Esta opção de Izidro Alves em trilhar o caminho de um versejar límpido, que não se deixa embiocar por quaisquer hermetismos “benfazejos”, e que estabelece que a poeticidade de um texto não advém exclusivamente da construção deste, mas da relação dialógica que se estabelece entre o em-si de dada estrutura poemática e a cognoscibilidade interpretativa do leitor; esta opção – direi – poético-estética, onde os poemas irrompem, por vezes inopinadamente, quais iluminações de sentido, ante o aberto do olhar do outro, aproxima esta poesia de grandes poetas como, por exemplo, do bretão Eugène Guillevic, e, para concluir, deixo aqui duas ilustrações do referido:
No teu poema
Há um cuco.
Já falaste dele
Muitas vezes,
Então, lembremo-nos,
Vivamos com ele
Uma primavera que atravessa
Todas as estações. (3)
outro exemplo:
Sim, tarde
Tu instalas-te como se
Devesses permanecer.
Mas acabarás engolida
Como a maré. (4)
(1) Para acompanhar esta polémica Cf. Mario Perniola in “La estética contemporânea”. Madrid: La Bolsa de la Medusa, 2016, pp 17-29.

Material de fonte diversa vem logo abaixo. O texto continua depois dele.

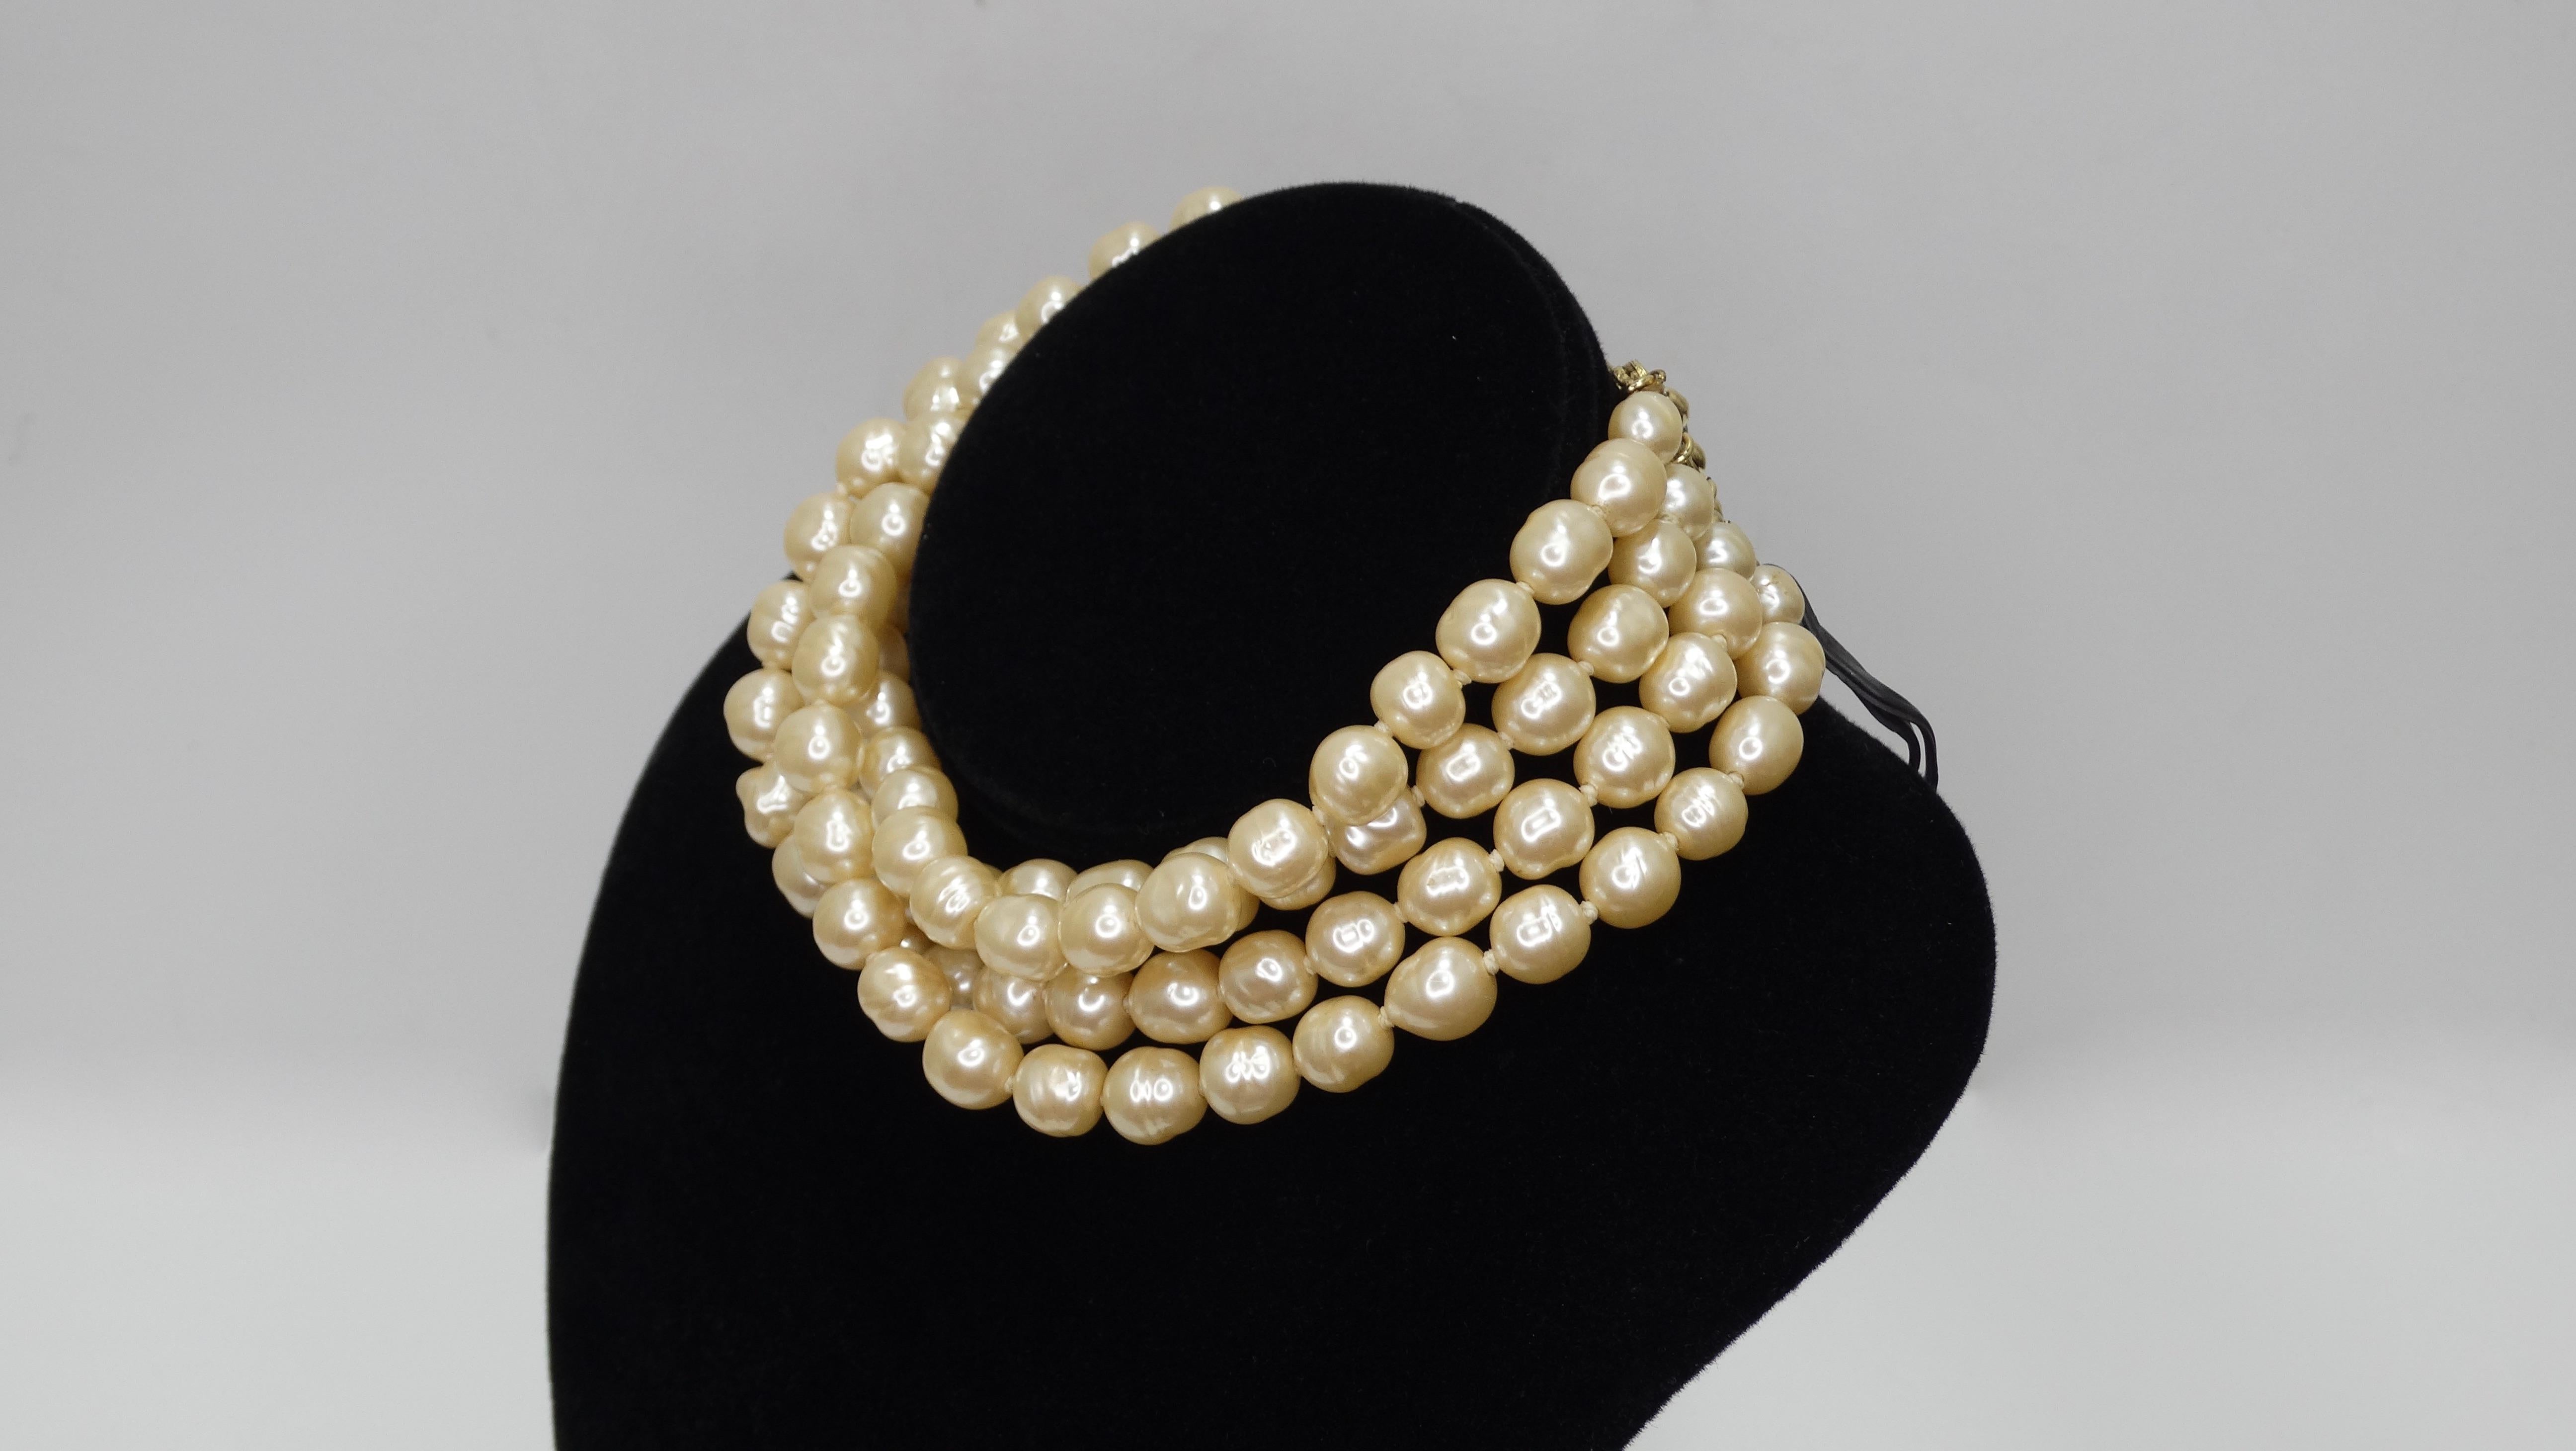 It doesn't get anymore classic than this stunning Chanel choker! Circa 1981, this choker features multi-strands of faux pearls with baroque style gold plated accents and a hook closure. Timeless and chic, this necklace will pair perfectly with your

(2) In “A sombra da mão” de Izidro Alves. Lisboa: GDCBP, 2018, p 57.
(3) In “Art poétique” de Guillevic. Paris: Poésie/ Gallimard, 1970, p 182 (Tradução de Victor Oliveira Mateus).
(4) In “Possibles futurs” de Guillevic. Paris: Poésie/ Gallimard, 1996, p 117 (Tradução de Victor Oliveira Mateus).